What the exercise asks: Print the listing exactly as it stands. Skip every picture.

Recorded information:
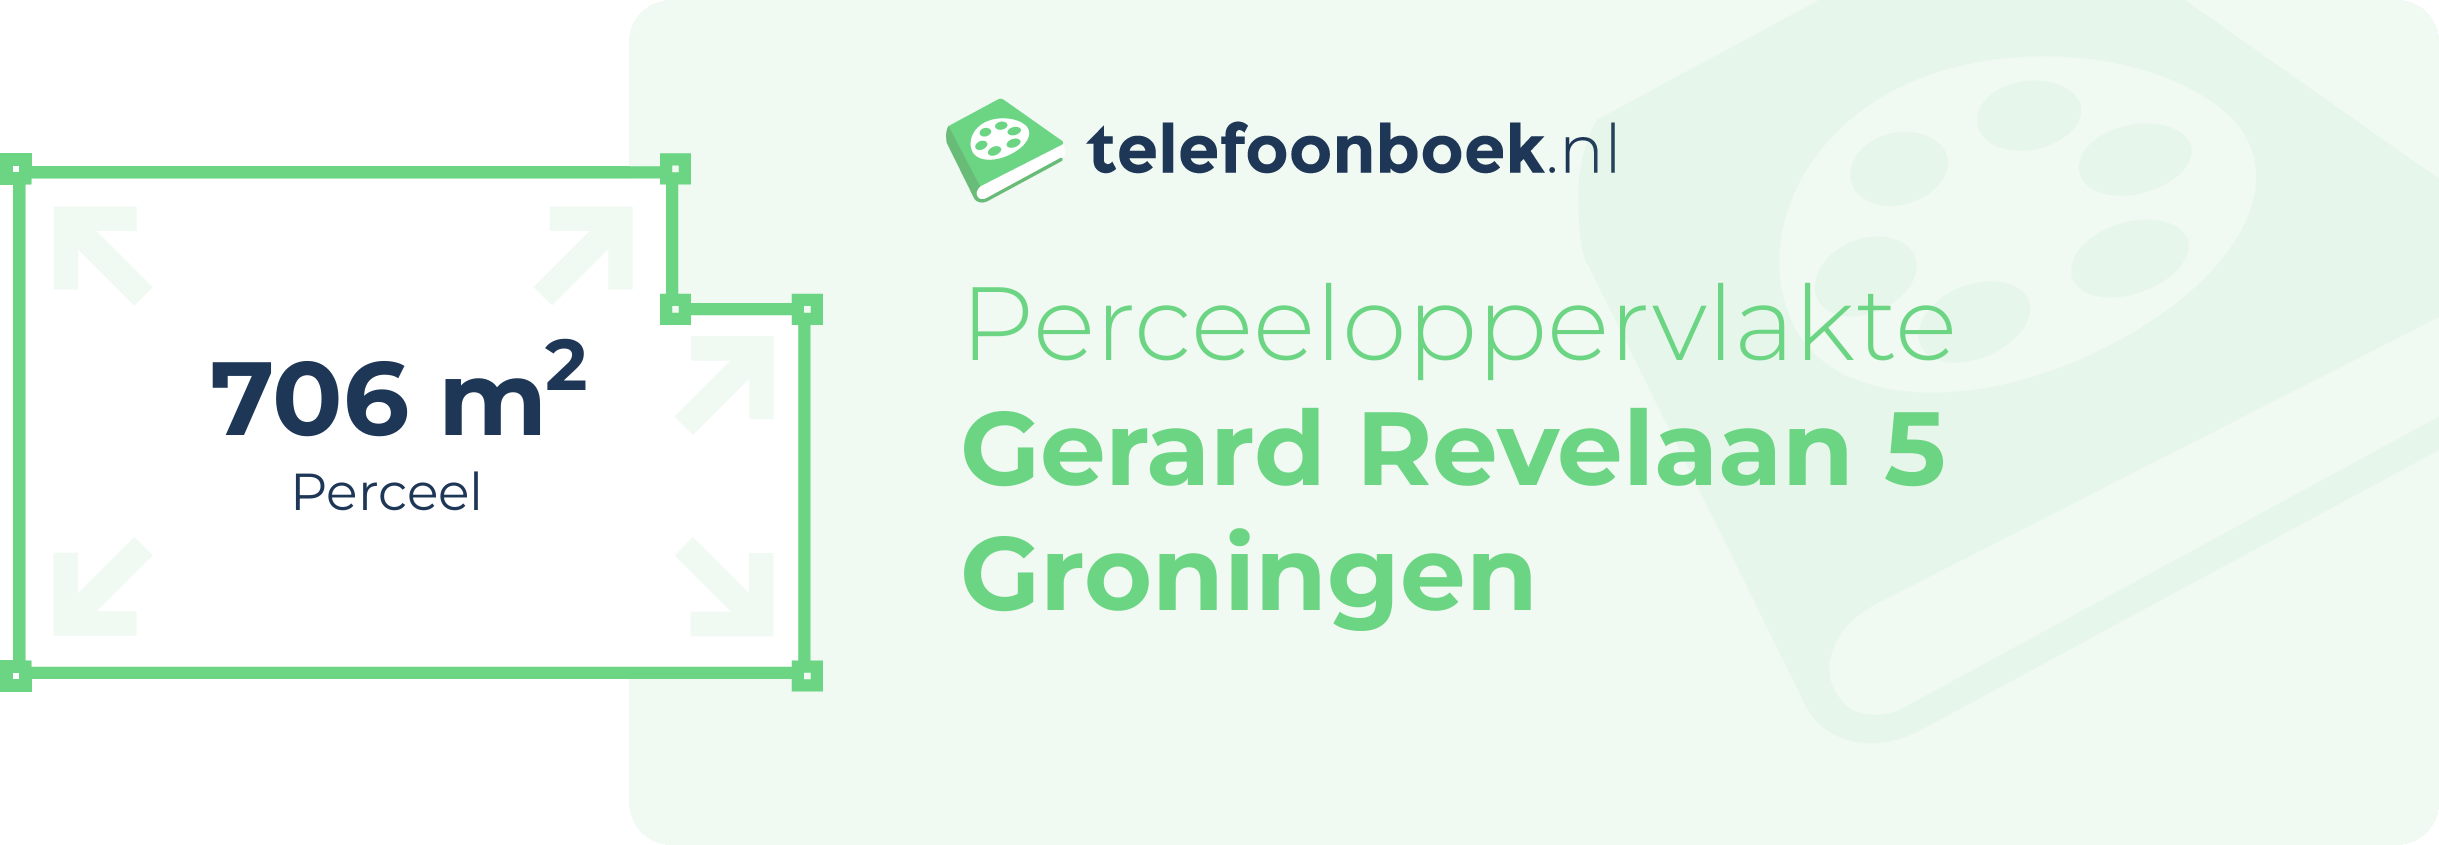 Perceeloppervlakte Gerard Revelaan 5 Groningen
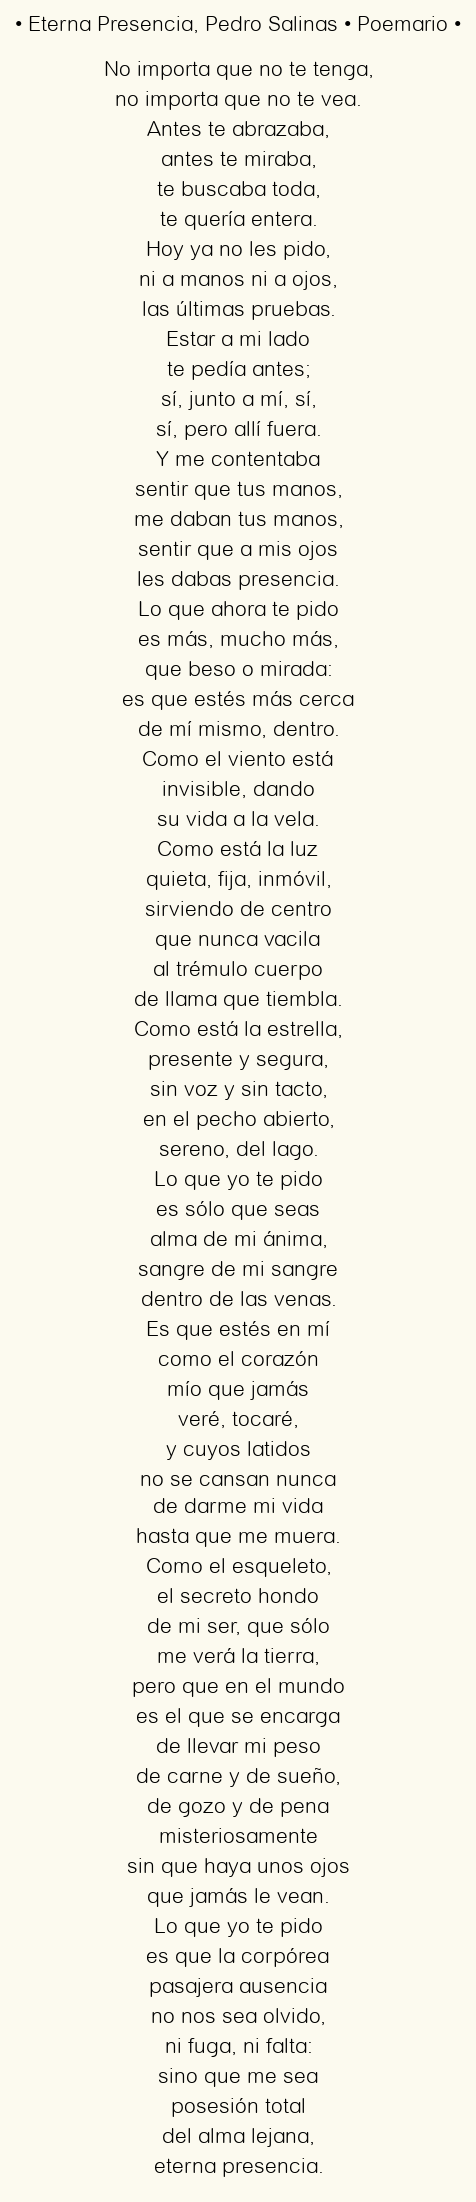 Imagen con el poema Eterna Presencia, por Pedro Salinas
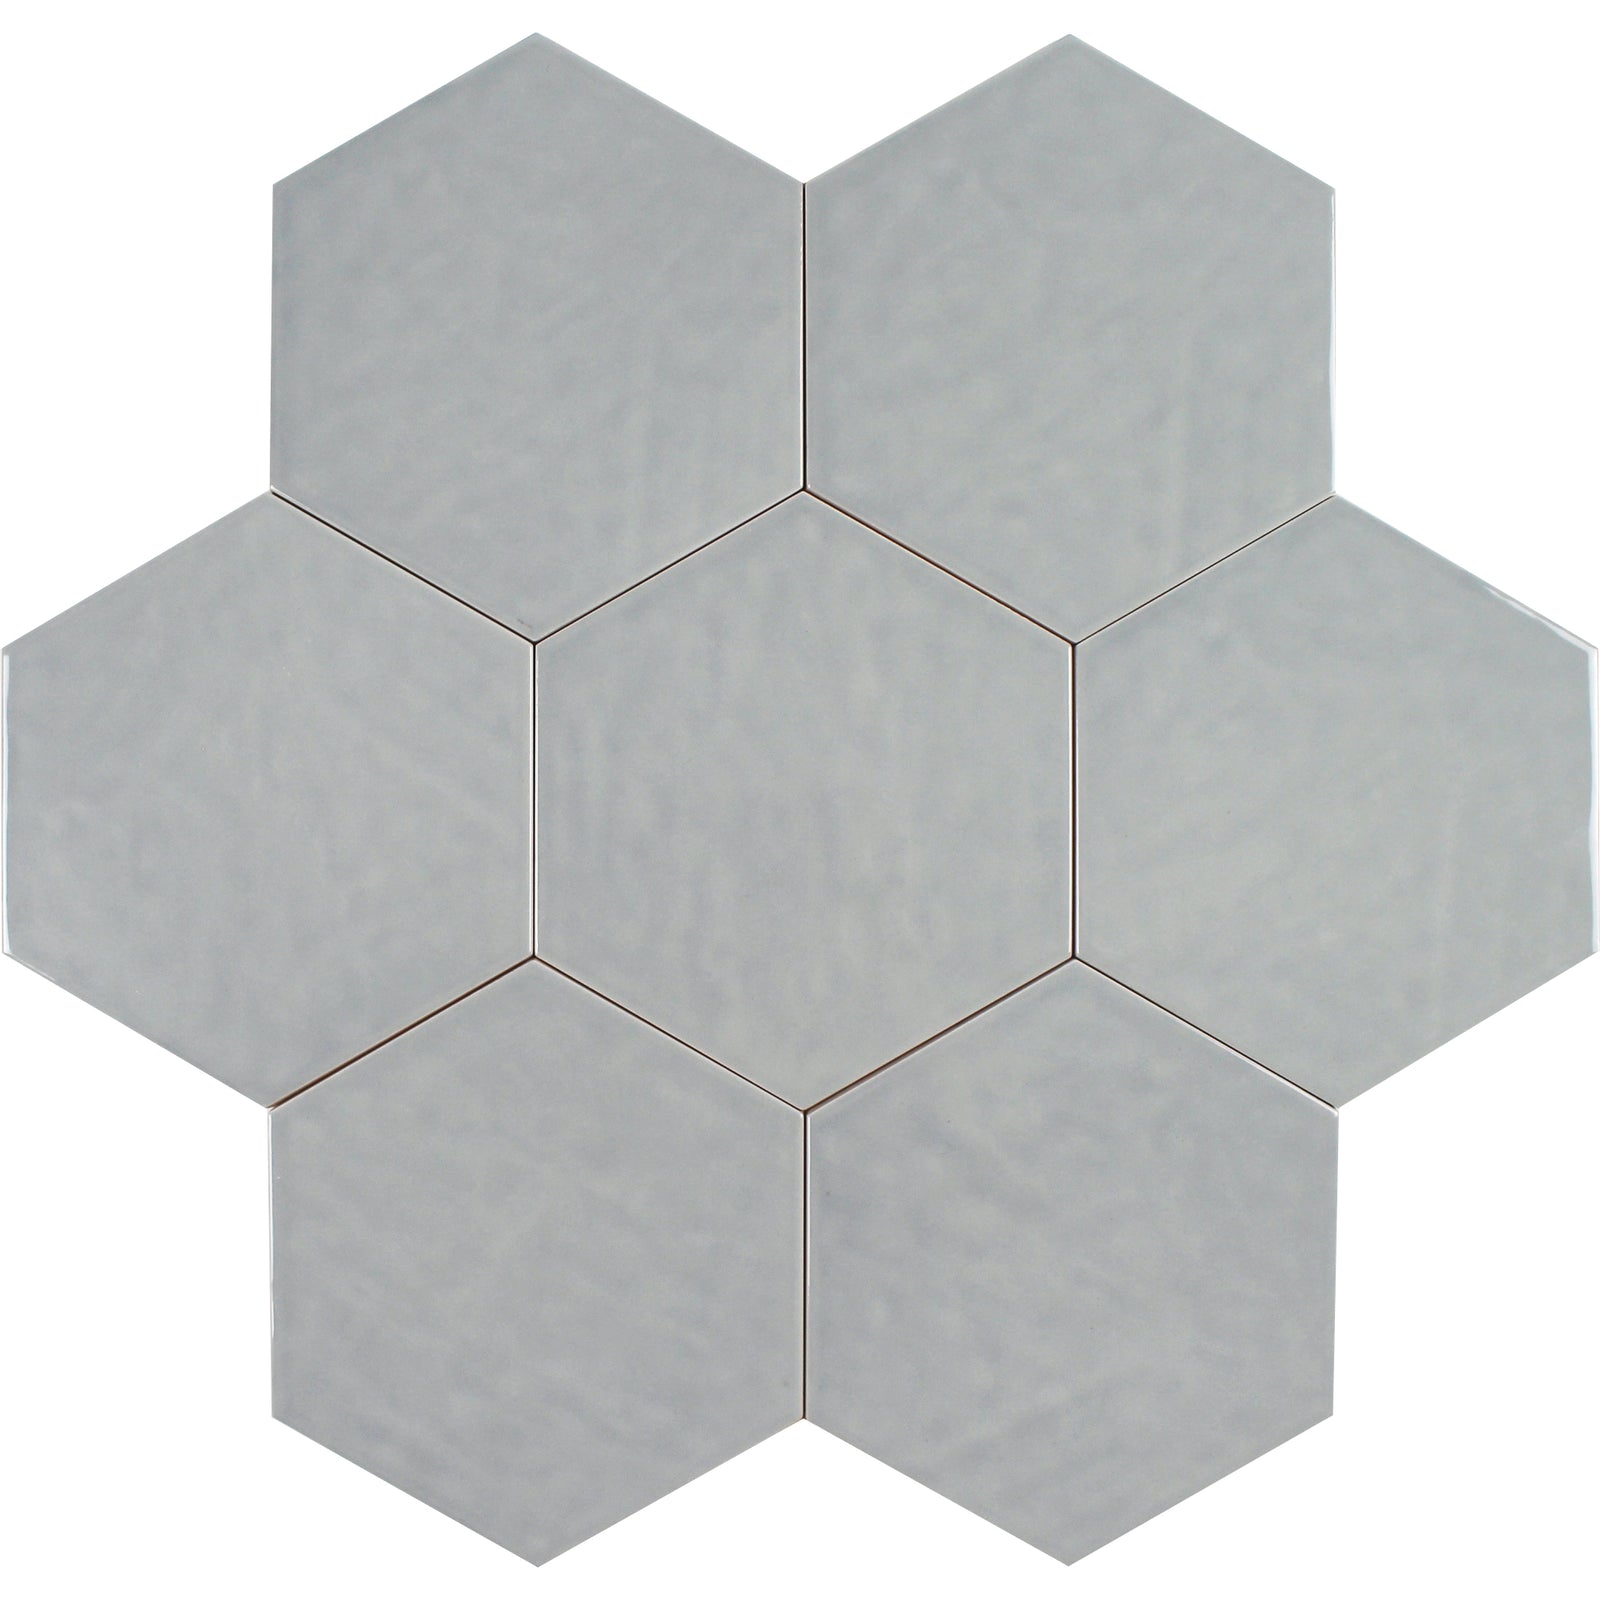 Tesoro - V-Lux Luxury Engineered Tile - Marfil - Floorzz
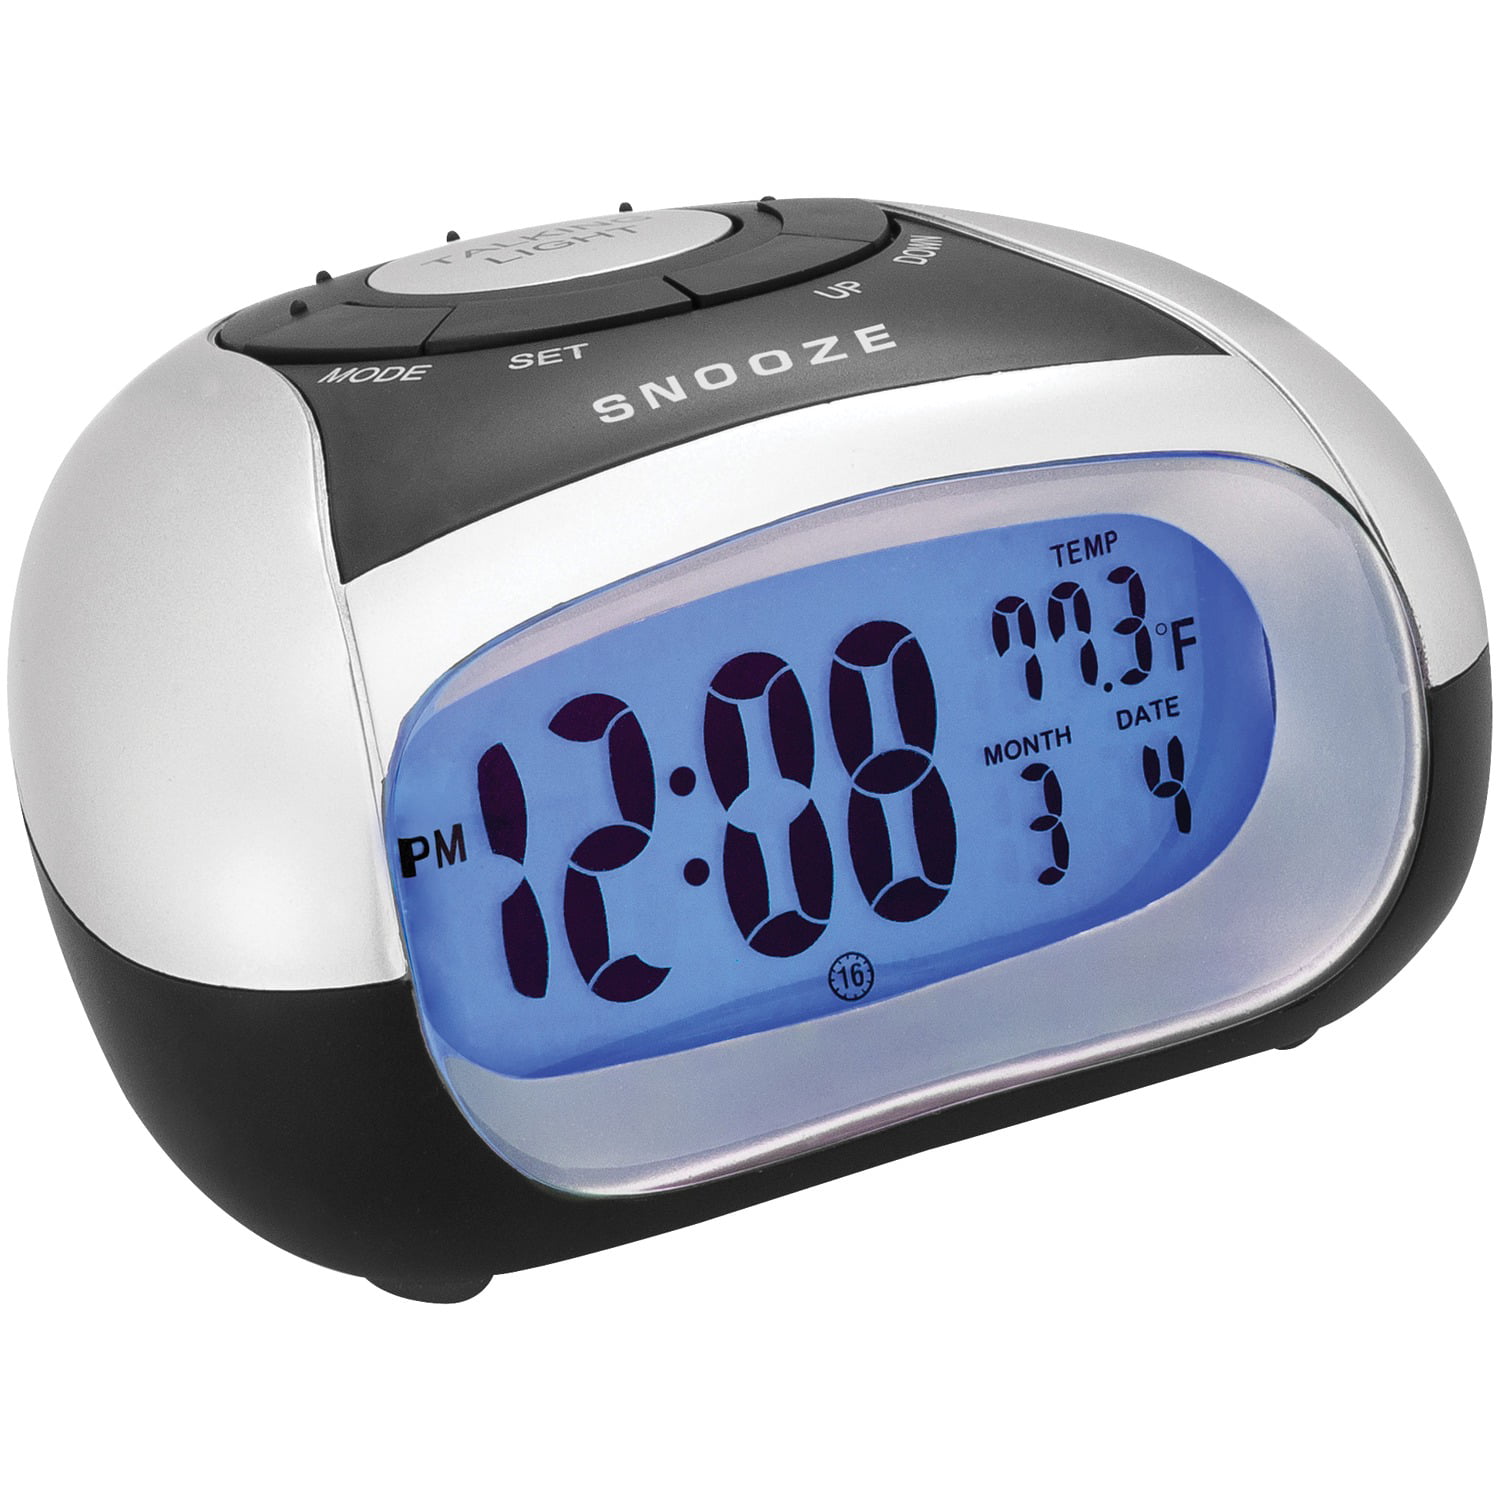 Покажите говорящие часы. Говорящие часы будильник. Digital Alarm Clock. Talking Temp Clock будильник. Часы будильник говорящие Snooze.

Answer to this exercise:
 Perceeloppervlakte Gerard Revelaan 5 Groningen
 Imagen con el poema Eterna Presencia, por Pedro Salinas
 Tesoro - V-Lux Luxury Engineered Tile - Marfil - Floorzz
 Покажите говорящие часы. Говорящие часы будильник. Digital Alarm Clock. Talking Temp Clock будильник. Часы будильник говорящие Snooze.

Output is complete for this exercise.